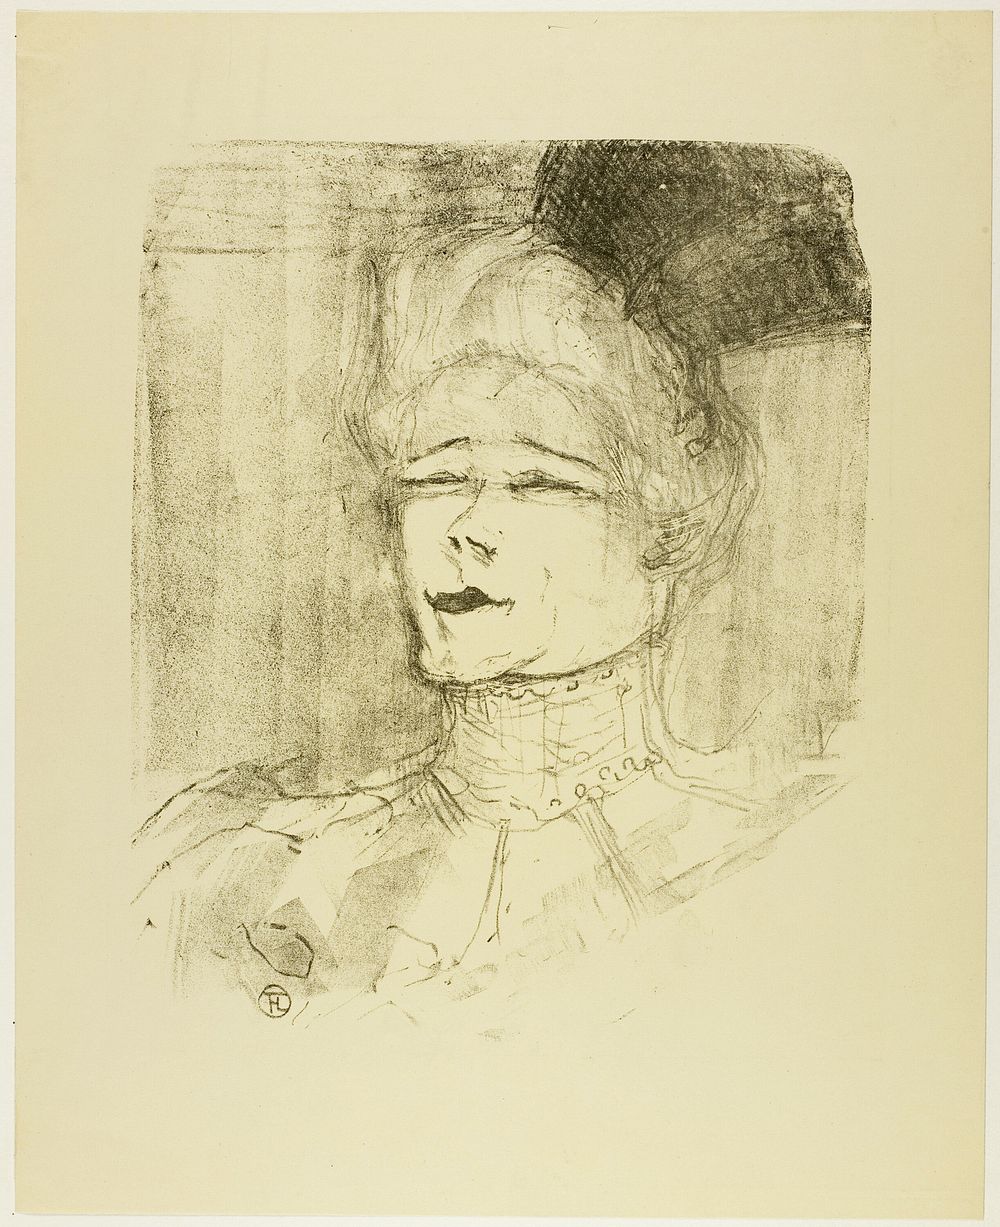 Jeanne Granier, from Treize Lithographies by Henri de Toulouse-Lautrec
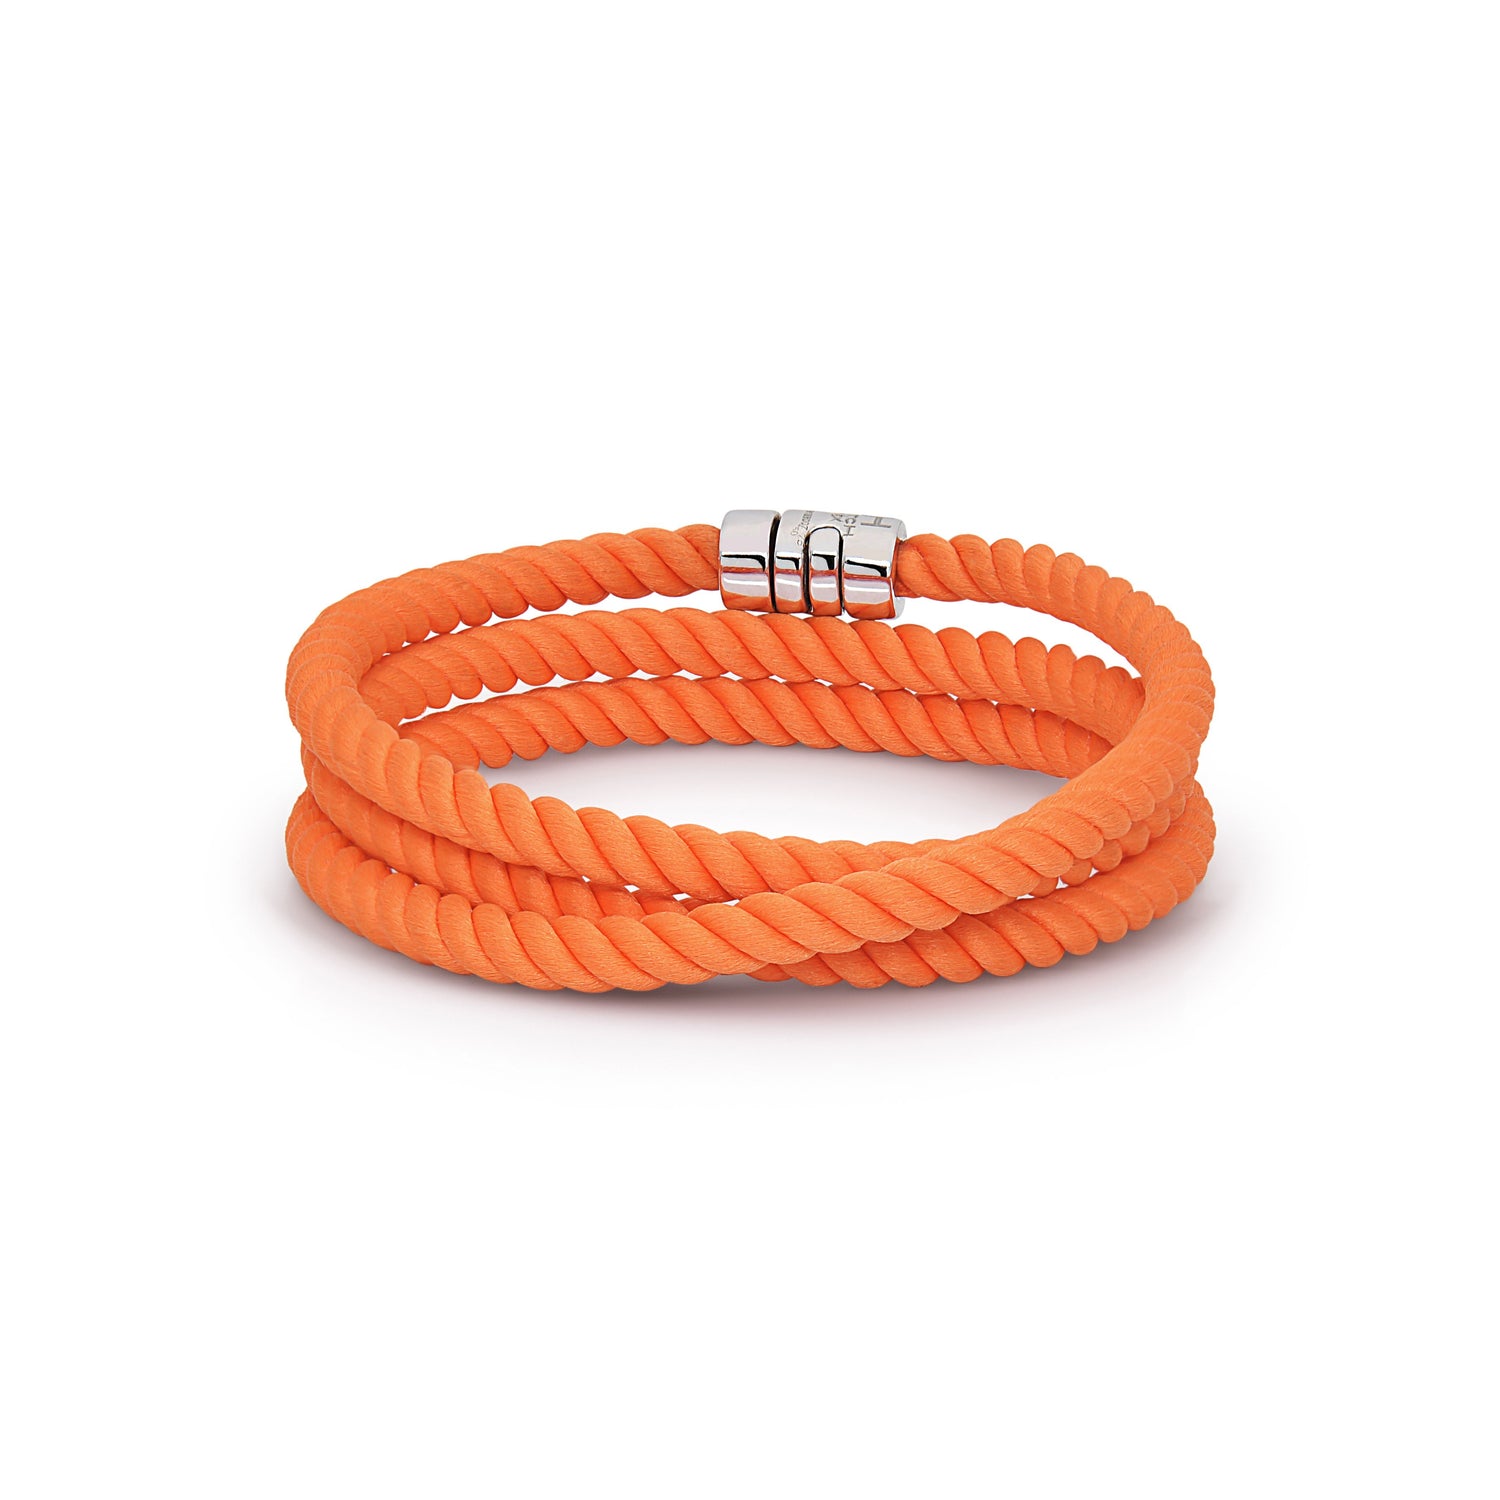 H.Aitch - Wrap Bracelet | Bridal jewelery set 
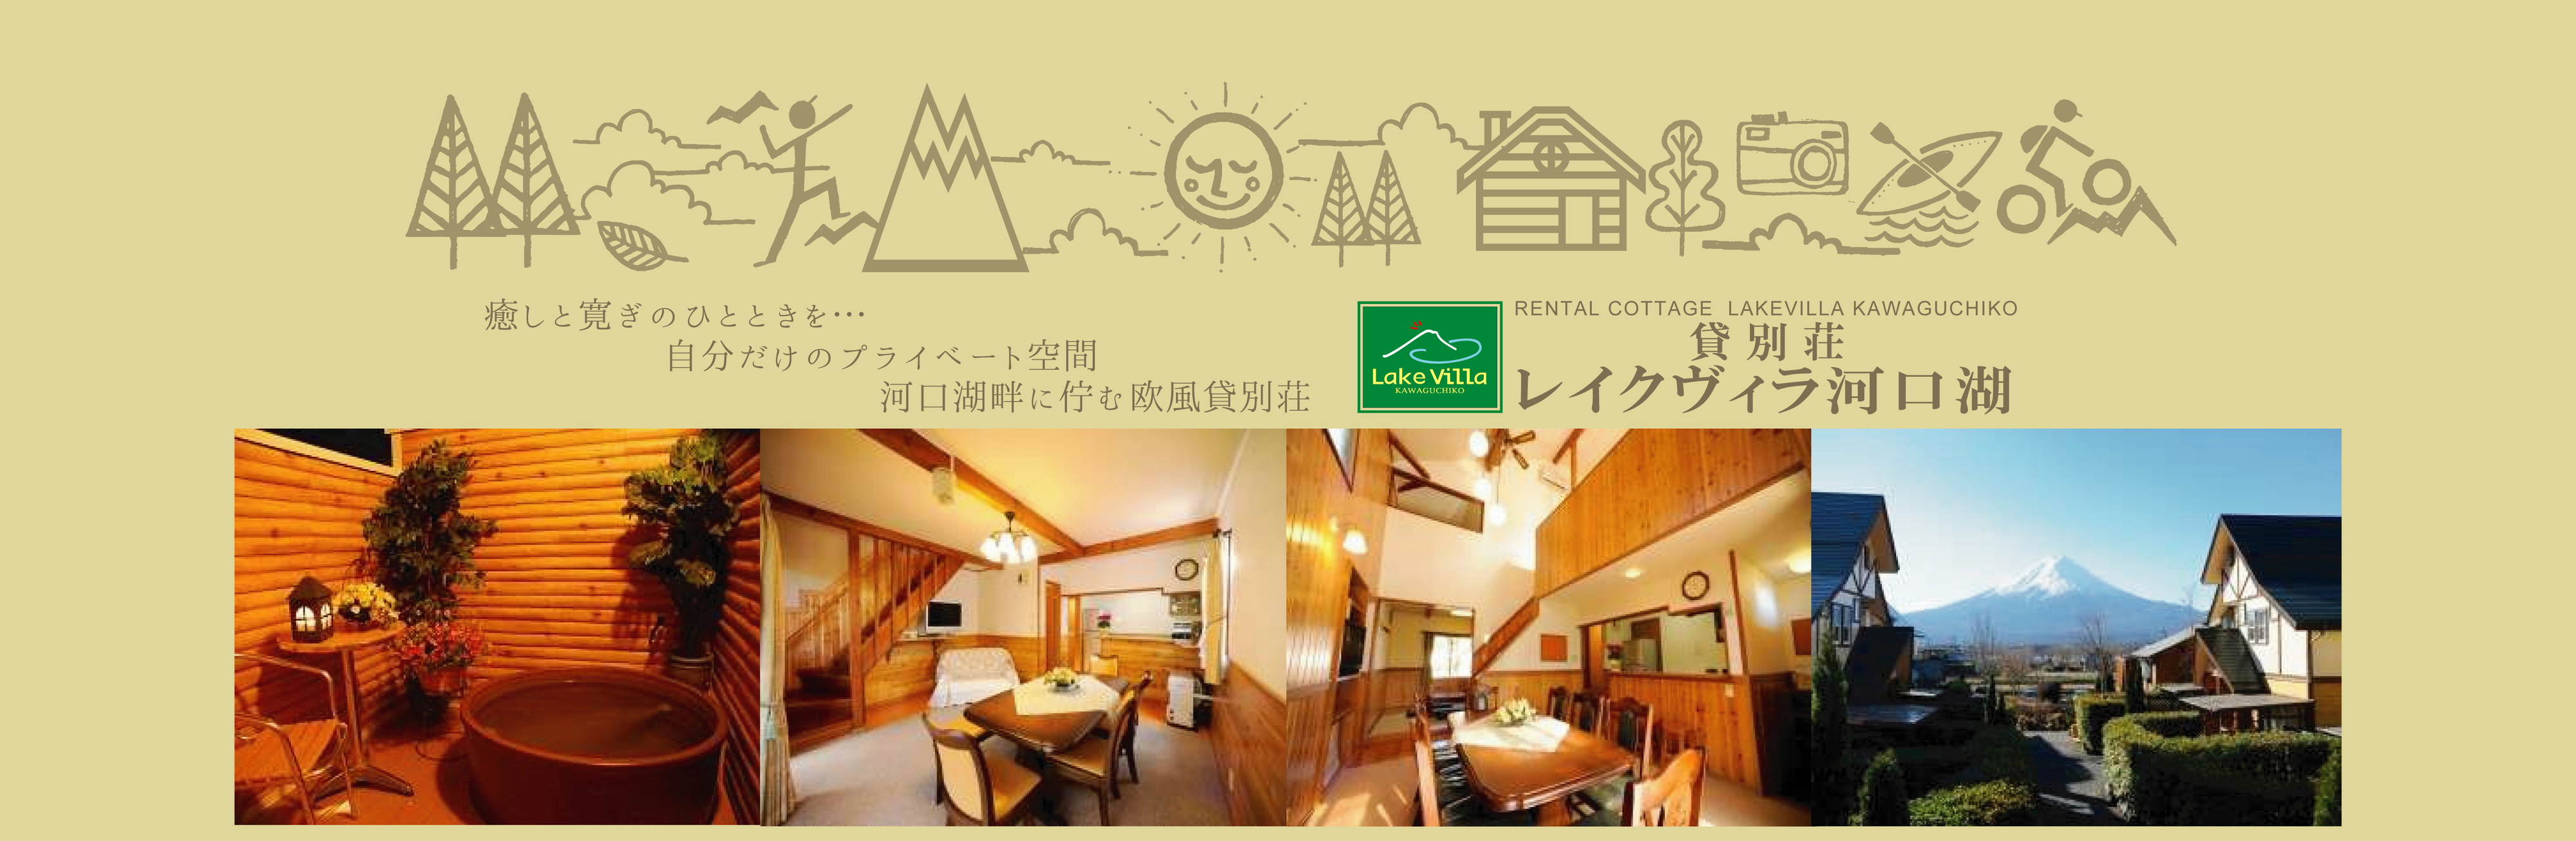 公式 貸別荘 レイクヴィラ河口湖 コテージ バーベキュー 富士山 q バケーションレンタル 露天風呂

:::

**What you will do:**
Every line above should be duplicated exactly; the pictures are to be left out.

**Output for this exercise:**
 Jeanne Granier, from Treize Lithographies by Henri de Toulouse-Lautrec
 H.Aitch - Wrap Bracelet | Bridal jewelery set 
 公式 貸別荘 レイクヴィラ河口湖 コテージ バーベキュー 富士山 q バケーションレンタル 露天風呂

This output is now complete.